The Jubilant Martyrs of Obsolescence and Ruin

Select a silhouette below to learn more about its symbolism.

The three equestrian figures refer to Gutzon Borglum's Confederate Memorial monumental, high-relief carving on Stone Mountain.

This figure represents Robert E. Lee atop his horse named Traveler. Riding backwards, his pose and billowing cape allude to Emanuel Leutze's iconic painting Washington Crossing the Delaware

This figure of an abolitionist sharecropper falling down a hill is a reference to the struggle these tenants faced fighting for fair working wages and equal labor rights.

This figure of an impaled boy who has fallen on his back in agony epitomizes the extreme vulnerability of enslaved people. His abuse is made all the more savage with the likelihood of General Davis's horse trampling him while a missing boot and posterior-penetrating sword suggest sexual violence.

A young civil war soldier plants a flag or is stabbing the female figure on the ground with its flagstaff. Walker's graphic depiction of graphic violence underscores the cruelty and horror of war, lost in romanticized, toned down representations of the Civil War.

This woman wearing slave dress carries a bindle over her shoulder. Her liberated figure here, walking north refers to the Great Migration between 1916 and 1970, when more than six million African Americans moved north and west, away from an agrarian life designed to disenfranchise African American in search of economic opportunities.

Two barefoot figures in slave dress are shown in a burlesque horse costume. This likely refers to the racist trope of the minstrel show, a form of popular entertainment until as recently as the 1960s. In minstrel shows, white performers dressed in blackface and reinforced malicious stereotypes about people of color.

The three equestrian figures refer to Gutzon Borglum's Confederate Memorial monumental, high-relief carving on Stone Mountain.
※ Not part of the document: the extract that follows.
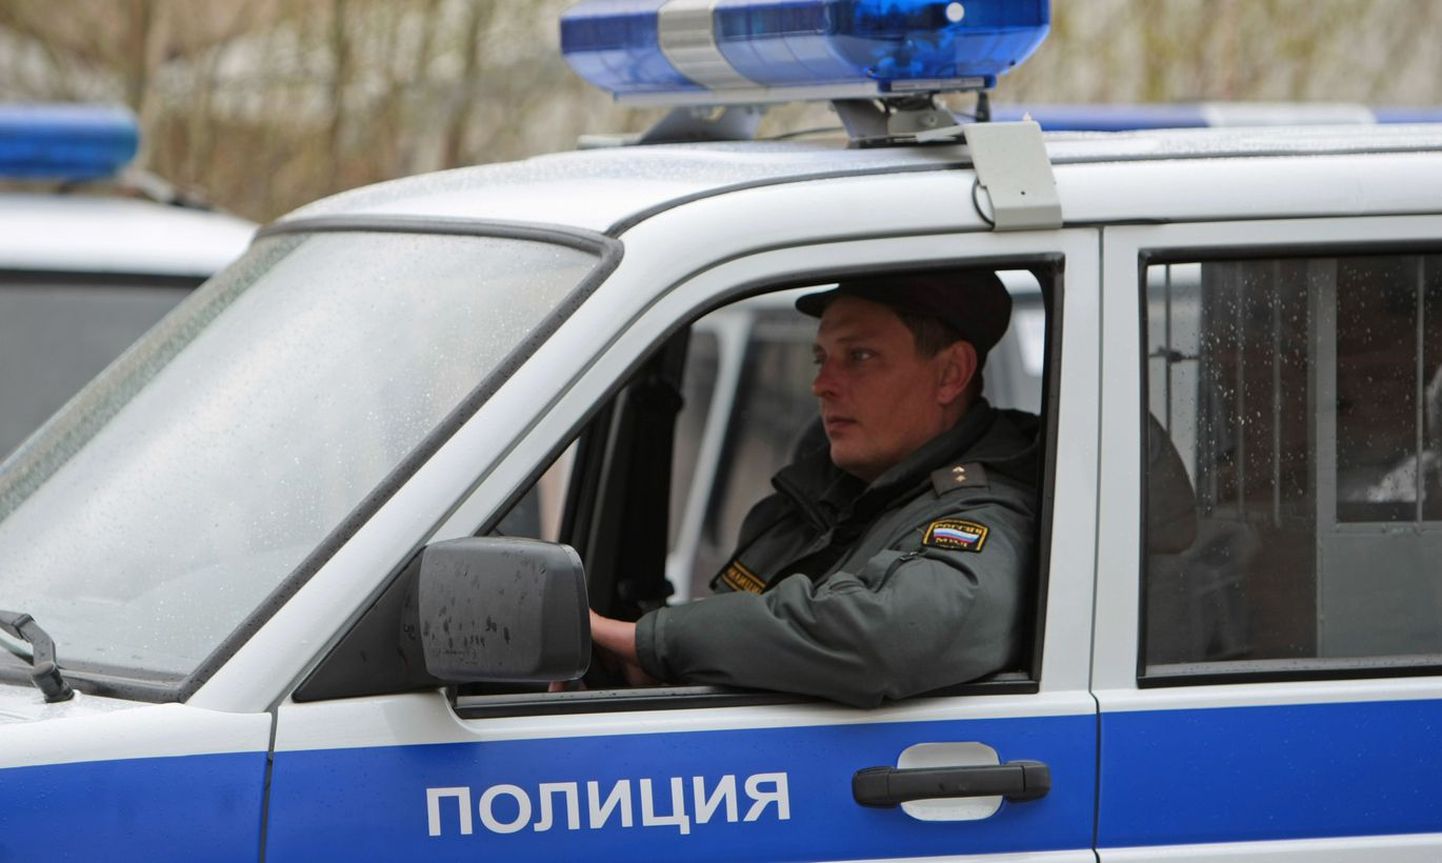 Vene politsei

This riderless horse belongs to Stonewall Jackson, whose figure is omitted. The unsaddled horse rears up in panic.

Above Jackson's horse is the swaying body of a young lynched man with an erection. This figure references both racist stereotypes of Black masculinity, and also the white supremacist violence and terrorism that led to 589 lynching victims murdered in Georgia between 1877-1950. Stone Mountain was the revival of the Ku Klux Klan in 1915.

A blindfolded woman — perhaps an allegorical figure of justice — coaxes a mule with a carrot. The mule carries the Reverend Martin Luther King, Jr., the civil rights leader who was also an Atlanta native. King's visionary leadership in nonviolent, direct action against systemic racism and segregation stands in contrast to violence of the war and the legacy of the Confederate leaders carved on the face of Stone Mountain.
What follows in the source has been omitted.